About me
My name’s Karl Cheng, and I’m a final year student and academic tutor studying Actuarial Studies & Computer Science at UNSW Sydney.
I’m always on the lookout for new ways to do things, and I love to learn about a wide variety of subjects and how they apply to the real world. It’s especially motivating when my work is actually able to help others, as well as being appreciated for my efforts. I also find it useful to be interested in the general field of the subject I’m learning about.
Experience
University of New South Wales (Sep 2019 – present)
Academic Teacher (Casual)
- Delivered engaging lessons about systems design and algorithms to classes of 20-24 students
- Developed course material to help cater for learning styles and support fundamental concepts
- Provided inquisitive feedback and troubleshooting during personalised HELP sessions
Zip Co Limited (Jan 2020 – Mar 2020)
Mobile Tech Intern
- Supported agile team in the development of the Zip Android application in Kotlin
- Coordinated with product team to suggest, implement and document app improvements
- Troubleshooted multiple high priority issues, including a key analytics tracking bug involving multiple third-party libraries
- Implemented key ‘refer a friend’ growth feature, interfacing with AWS cloud services
Google Summer of Code participant with Babel (May 2017 – Aug 2017)
Software Developer Intern
- Software used by over 17 million users/month and major firms (Facebook, PayPal, Netflix)
- Implemented new JavaScript standard feature proposals for major new release (Babel 7)
- Collaborated with QA team to develop regression tests to reduce non-compliance issues
Skills and Interests
In my free time I:
- Try to find interesting objects or locations to photograph.
- Go to tennis classes on the weekend to stay active.
- Create various websites and applications in JavaScript, HTML and CSS.

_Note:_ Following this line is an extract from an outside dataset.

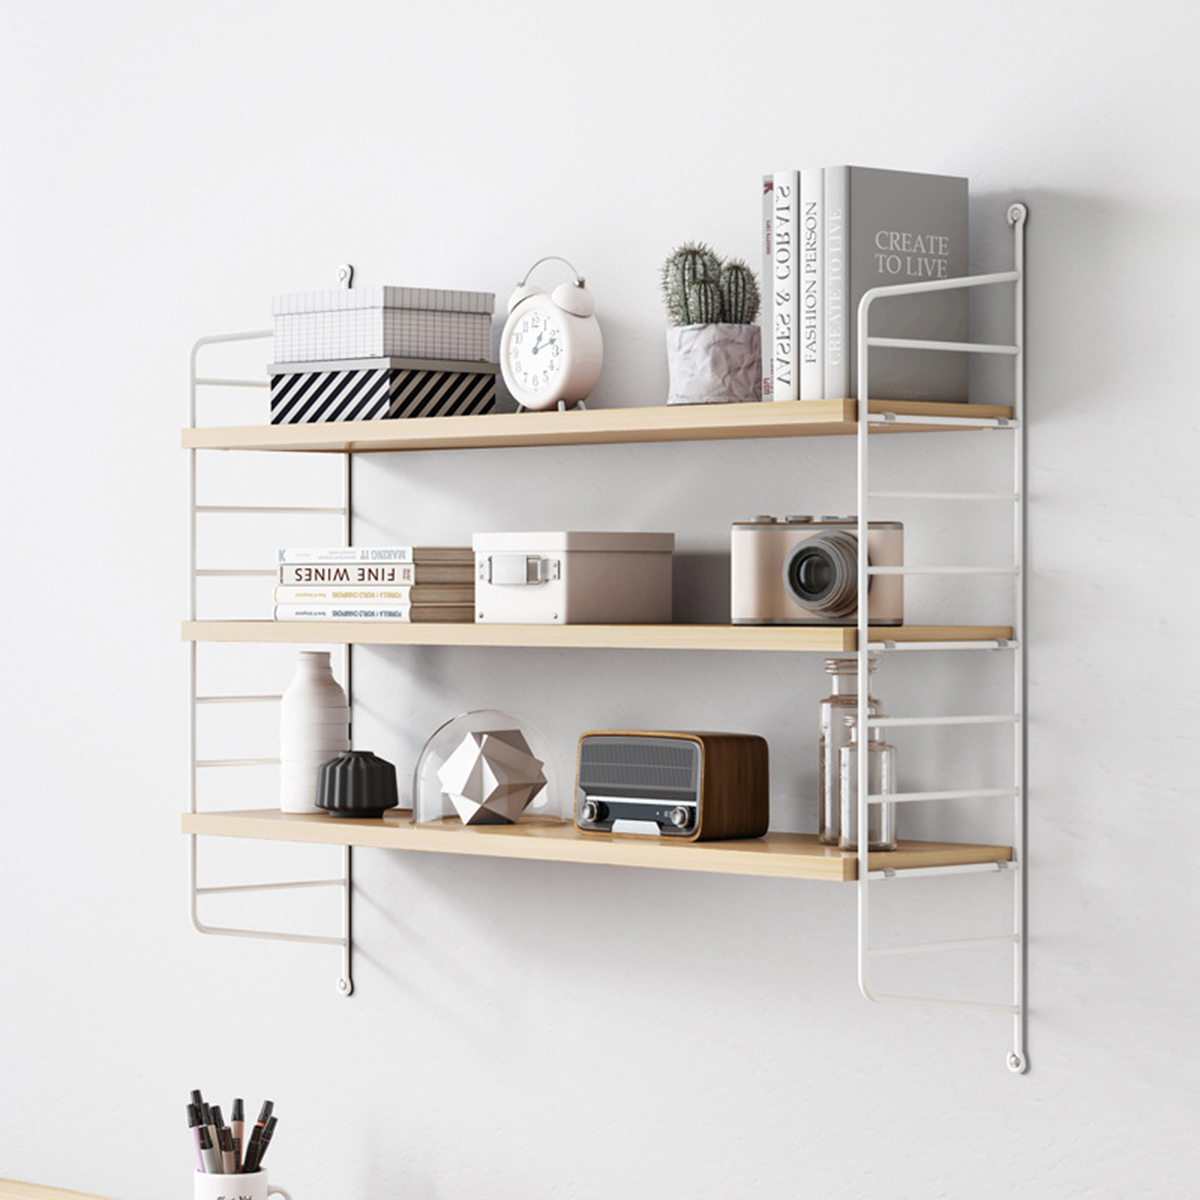 3-Tiers-Wall-Mounted-Shelf-Punch-free-Hanging-Storage-Rack-Bedroom-Bookshelf-Home-Office-Decoration--1788421-2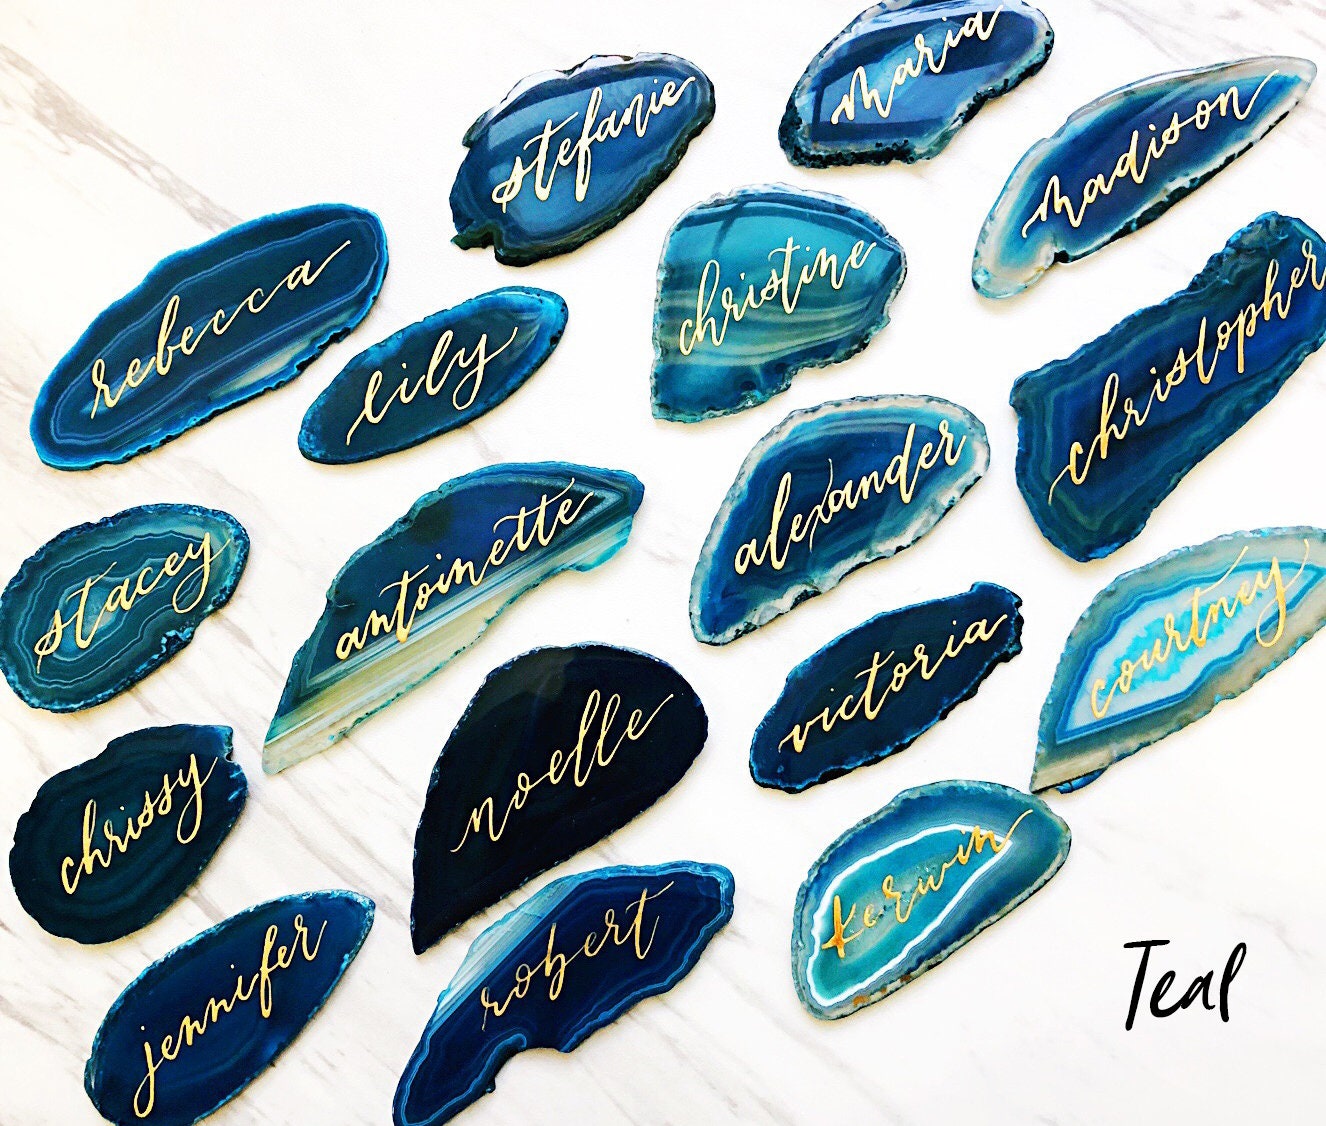 2.5" - 3" Blue Agate Slice Calligraphy Name Place Cards | Agate Calligraphy Name Cards

- Contribute to the Linux community by updating software repository packages.
Programming
My favourite programming language is JavaScript, followed closely by Python (it would be if I could use it client-side). I’m currently learning how to use Rust, which requires quite a different mindset, but its unique model does make it quite pleasant to use once you get the hang of it.
You can see a few of my works in my portfolio.
How I got started
I first started developing at school with VB6, where I created various GUI boxes using exercises given by my teacher. I didn’t find it too interesting and found the syntax rather cumbersome.
A year and a half later, I was looking at an online game and found that Firebug show various variables that could be edited via a graphical interface on the “DOM” tab. Eventually I figured out that you could use the dot notation syntax to access and assign to these variables which controlled how the game worked, and that this was part of JavaScript.
This led to me learning JavaScript, first developing a simple script:
setInterval(function () { testAutopilot(); }, 1000);
function testAutopilot() {
if (ges.aircraft.animationValue.aroll > 0.5) {
controls.roll = 0.03;
}
else if (ges.aircraft.animationValue.aroll < -0.5) {
controls.roll = -0.03;
}
else {
controls.roll = 0;
}
}
From there I developed the code further, adding various features until I was able to release the code as an extension for Google Chrome, which exists today as Autopilot++.